Eddy's neurologist, on the other hand, was not so happy about the chiropractor. On Friday, Eddy had his first neurology checkup in a few months. When I brought up the fact that we just started taking Eddy to a chiropractor, his neurologist said that if we continue taking him...wait for it...he can NO LONGER BE EDDY'S NEUROLOGIST!!!!! I have to say, I respect this doctor, I know he is very knowledgeable and intelligent, but this is going way too far. I'm not asking him to go to a chiropractor himself, and I'm not saying he has to even be happy that we're taking Eddy to a chiropractor. But the fact that he would threaten to "fire" Eddy if we independently take him to a chiropractor (which could very well HELP him...status quo right now after months of medication is a developmental delay, meds that cause Eddy painful constipation, and unchanged brain waves...and the desire to put him on more medication!), is just so inflexible and egotistical. So, we are changing neurologists.

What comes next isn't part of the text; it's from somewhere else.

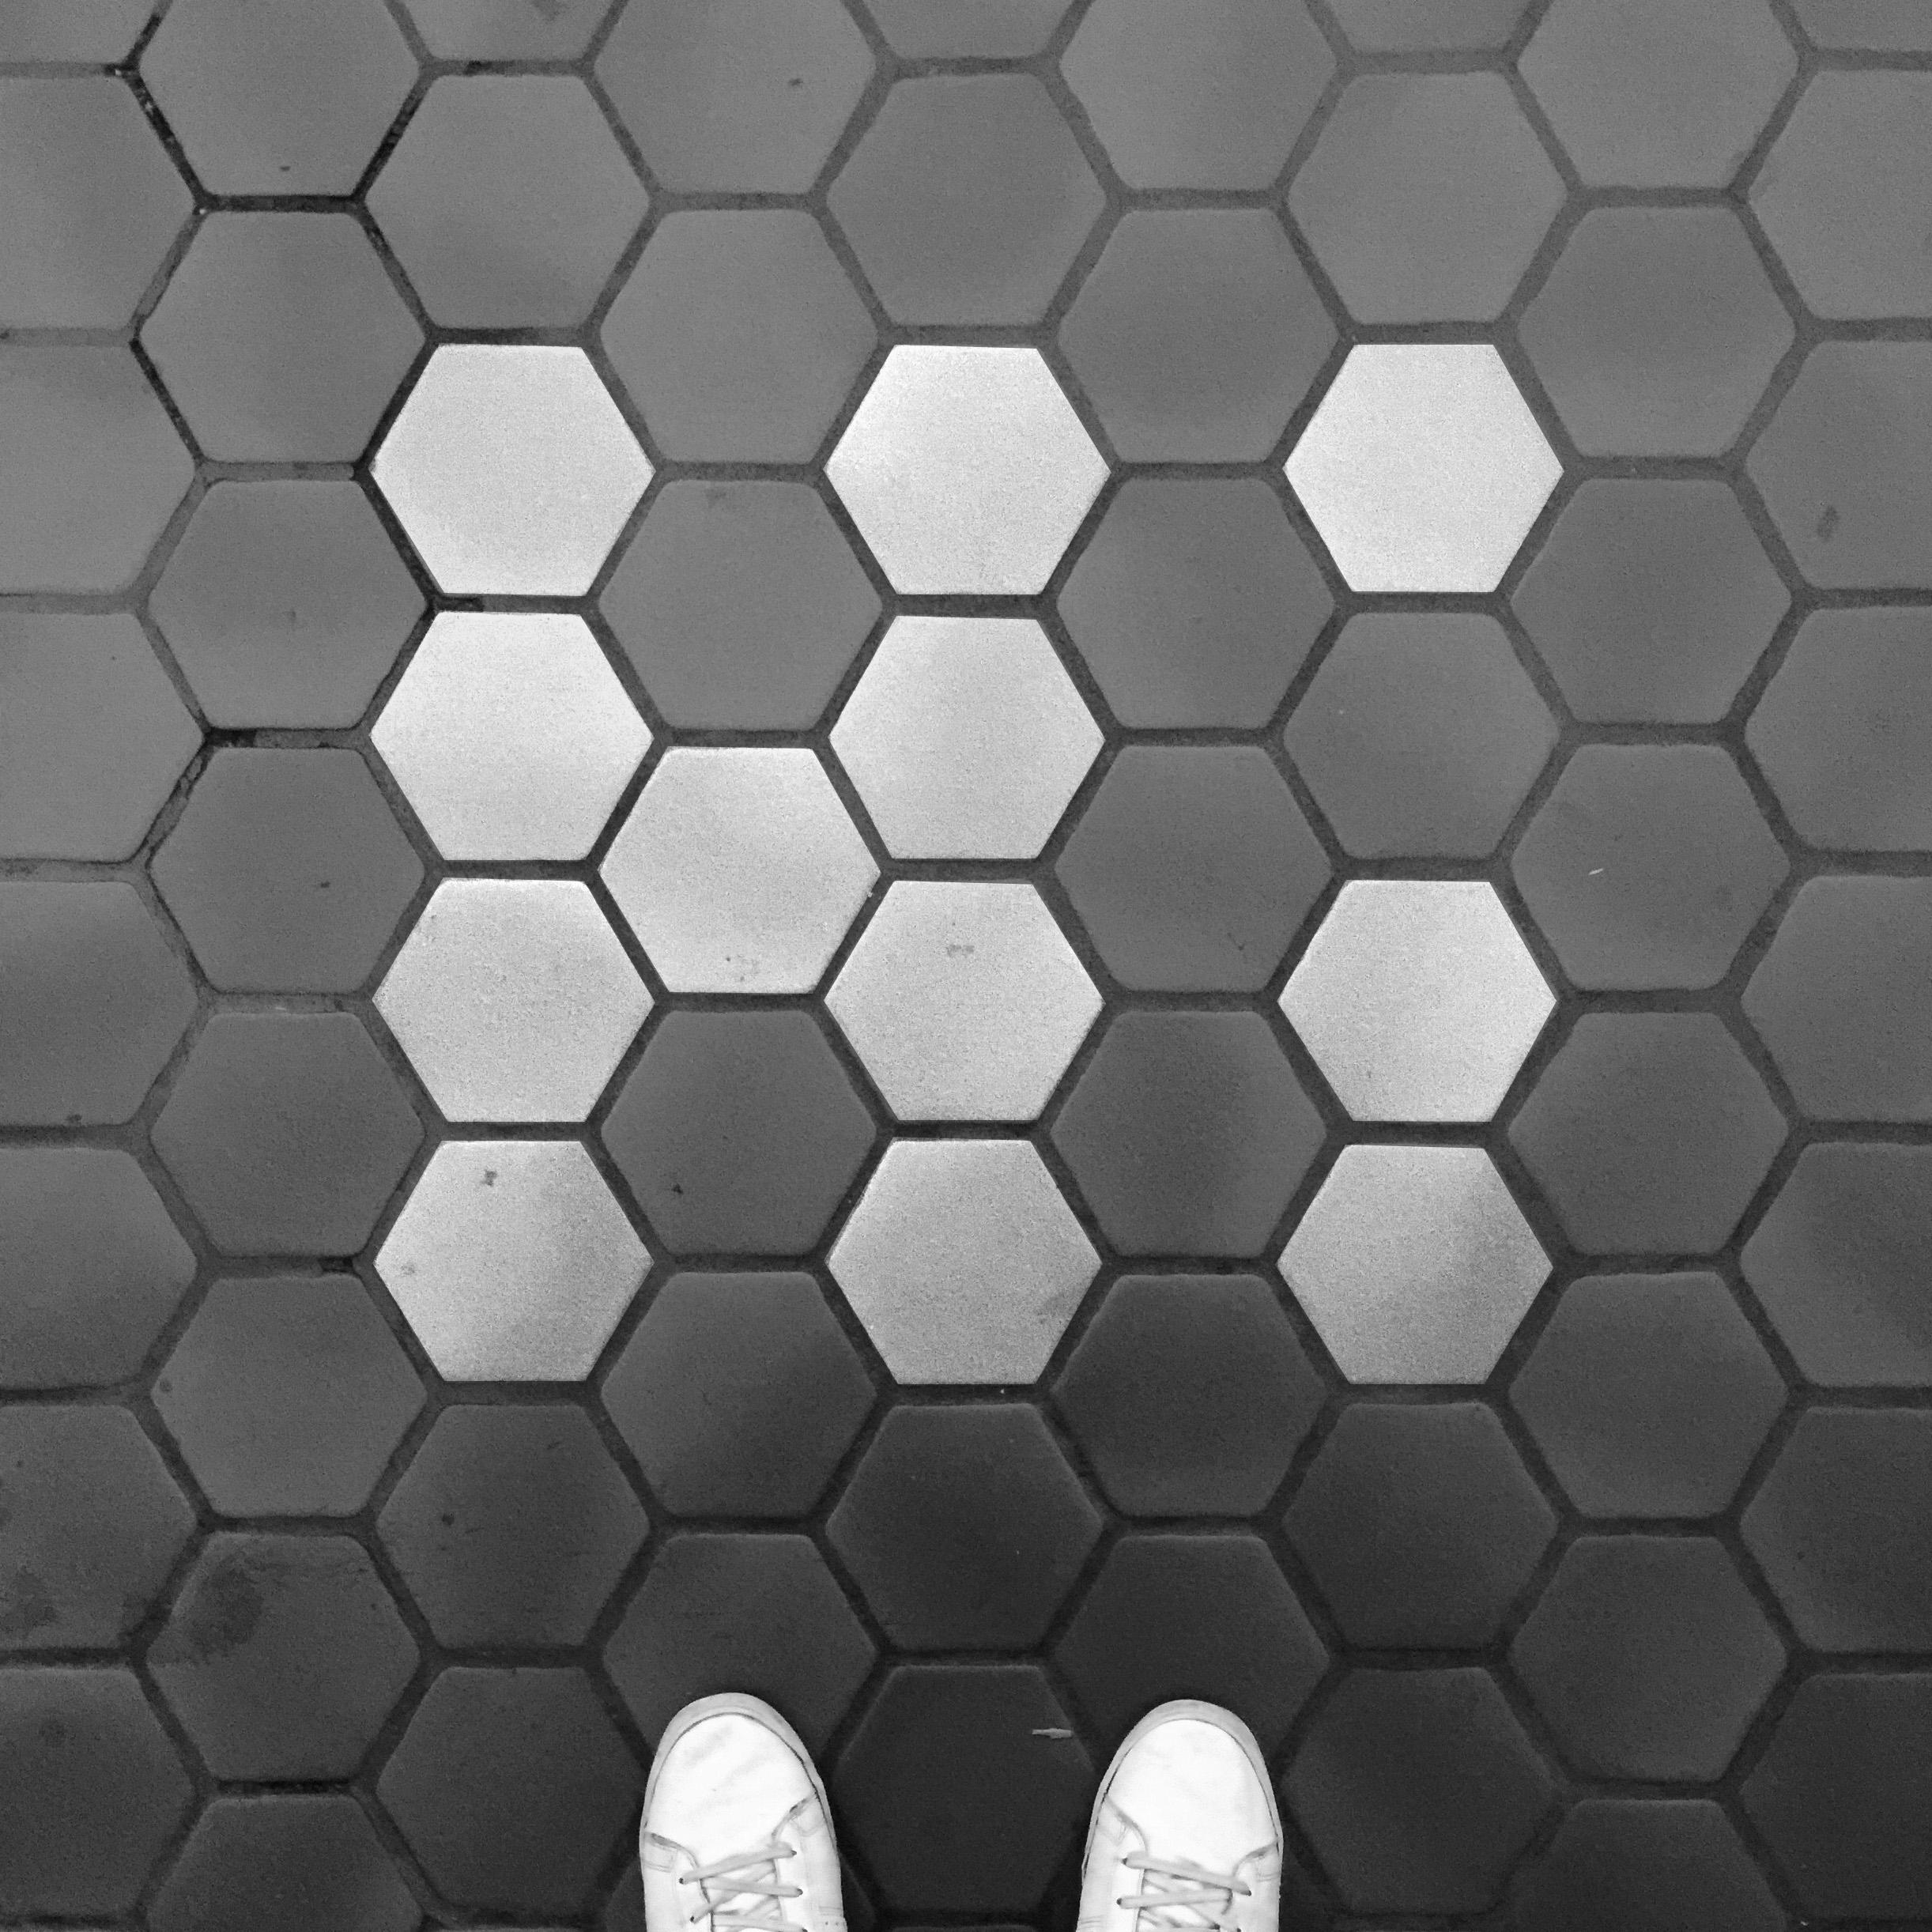 4 square Hi-Metro-Tiles-4-3-17.jpg

We got the results of his EEG back, and unfortunately it's unchanged from Novemenber. It was still abnormal, and his brain waves are pretty much the same as they were a few months ago - normal when he is awake and abnormal when he is asleep. We were hoping that his EEG would have gotten better, especially because he's been doing much better seizure-wise, but unfortunately that wasn't the case. If this whole situation has taught us anything, it's that prayers are not neccesarily answered on the time-table we expect, but flickers of hope have kept us searching for the right answer.